REPUBLIKA.CO.ID, YANGON -- Politikus Abdul Rasheed gagal mencalonkan diri dalam pemilihan umum (pemilu) karena dituduh tidak bisa membuktikan bahwa dia memiliki kewarganegaraan Myanmar sejak lahir. Rasheed adalah anggota minoritas Muslim Rohingya yang memiliki kewarganegaraan Myanmar dan ayahnya adalah seorang pegawai negeri.
Rasheed adalah bagian dari segelintir warga Myanmar dari minoritas Muslim Rohingya yang mengajukan diri menjadi kandidat dalam pemilu pada 8 November mendatang. Namun enam orang Rohingya termasuk Rasheed ditolak karena dinilai gagal membuktikan bahwa mereka memiliki kewarganegaraan Myanmar sejak lahir.
Di bawah undang-undang pemilu, hanya warga negara Myanmar yang diizinkan untuk berkompetisi dalam politik. Di apartemennya yang terletak di Yangon, Rasheed memperlihatkan semua dokumen identitas dan surat-surat yang menunjukkan bahwa dia adalah warga negara Myanmar yang sah.
“Kami memiliki semua dokumen yang dikeluarkan pemerintah dan mereka tidak menerima kenyataan bahwa orang tua saya adalah warga negara Myanmar. Saya merasa prihatin," ujar Rasheed.
Ketua Komisi Pemilihan Umum negara bagian Rakhine, Tin Hlaing, meyakini kedua orang tua Rasheed belum menjadi warga negara Myanmar pada saat dia lahir. Sementara Rasheed memiliki dokumen yang menunjukkan bahwa kedua orangtuanya adalah warga negara Myanmar sejak dia lahir. Namun, kartu-kartu kewarganegaraan itu ditarik pada 1990-an ketika sebagian besar orang Rohingya menemukan kartu-kartu tersebut diganti dengan "kartu putih" sementara.
Pada 2015, Presiden Thein Sein mengumumkan kartu putih yang dikantongi oleh orang Rohingya sebagai bukti kewarganegaraan Myanmar telah dicabut. Hal ini membuat hak pilih warga Rohingya dalam pemilu dihapus.

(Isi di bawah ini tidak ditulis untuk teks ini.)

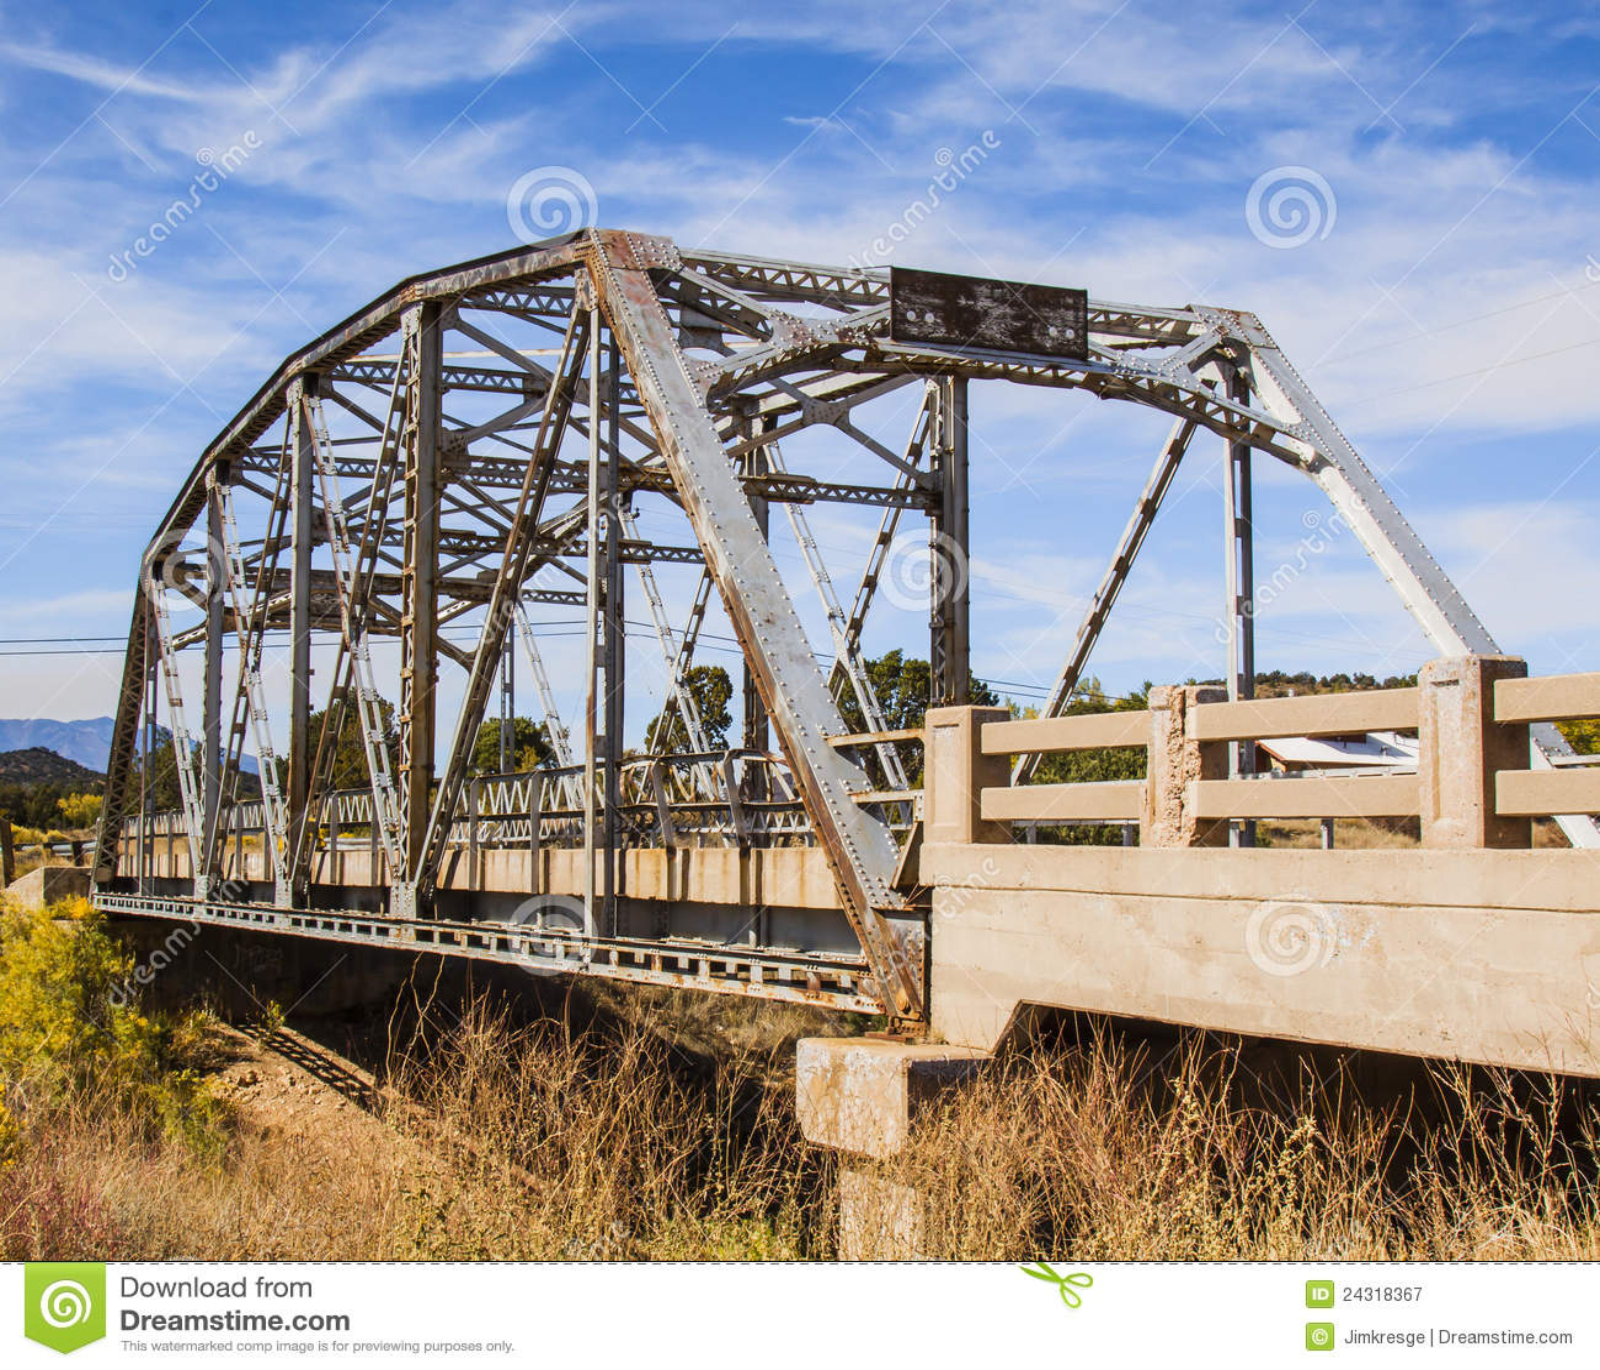 Winona (MS) United States  city photos : Abandoned Bridge Rt 66 Winona, AZ Royalty Free Stock Photography ...

Seorang kandidat independen Rohingya, Abu Tahay, juga gagal mencalonkan diri dalam pemilu. Dia mengatakan dikeluarkannya orang-orang Rohingya sebagai kandidat dalam pemilu menunjukkan bahwa pemerintah Myanmar menghalangi upaya minoritas Rohingya untuk mendapatkan kewarganegaraan dan hidup berdampingan secara damai.
"Mereka tidak memiliki harapan untuk masa depan mereka," ujar Abu Tahay.
Daftar pemilih telah dipasang di seluruh Myanmar. Namun daftar itu tidak ada di kamp-kamp penampungan minoritas Rohingya di luar ibu kota negara bagian Rakhine, Sittwe. Tetua komunitas Rohingya di Sittwe, Kyaw Hla Aung, mengatakan pada 2015 sekitar 200 orang Rohingya muncul dalam daftar pemilih. Namun kali ini tidak ada satu pun yang muncul.
Salah satu dari enam orang Rohingya yang lolos mencalonkan diri dalam pemilu, Aye Win, mengatakan minoritas Muslim Rohingya memiliki sedikit harapan untuk menang karena sebagian besar orang Rohingnya tidak mempunyai kewarganegaraan. "Kalau tidak (memiliki kewarganegaraan), maka situasinya tidak akan bagus," ujar Aye Win.
Myanmar tidak mengakui Rohingya sebagai kelompok etnis. Mereka kerap disebut sebagai "Bengali" yang menyiratkan bahwa mereka adalah imigran ilegal dari Bangladesh. Padahal mereka sudah berada di negara bagian Rakhine selama berabad-abad. Pemerintah Myanmar telah melucuti dokumen identitas Rohingya sehingga mereka tidak bisa membuktikan asal usulnya.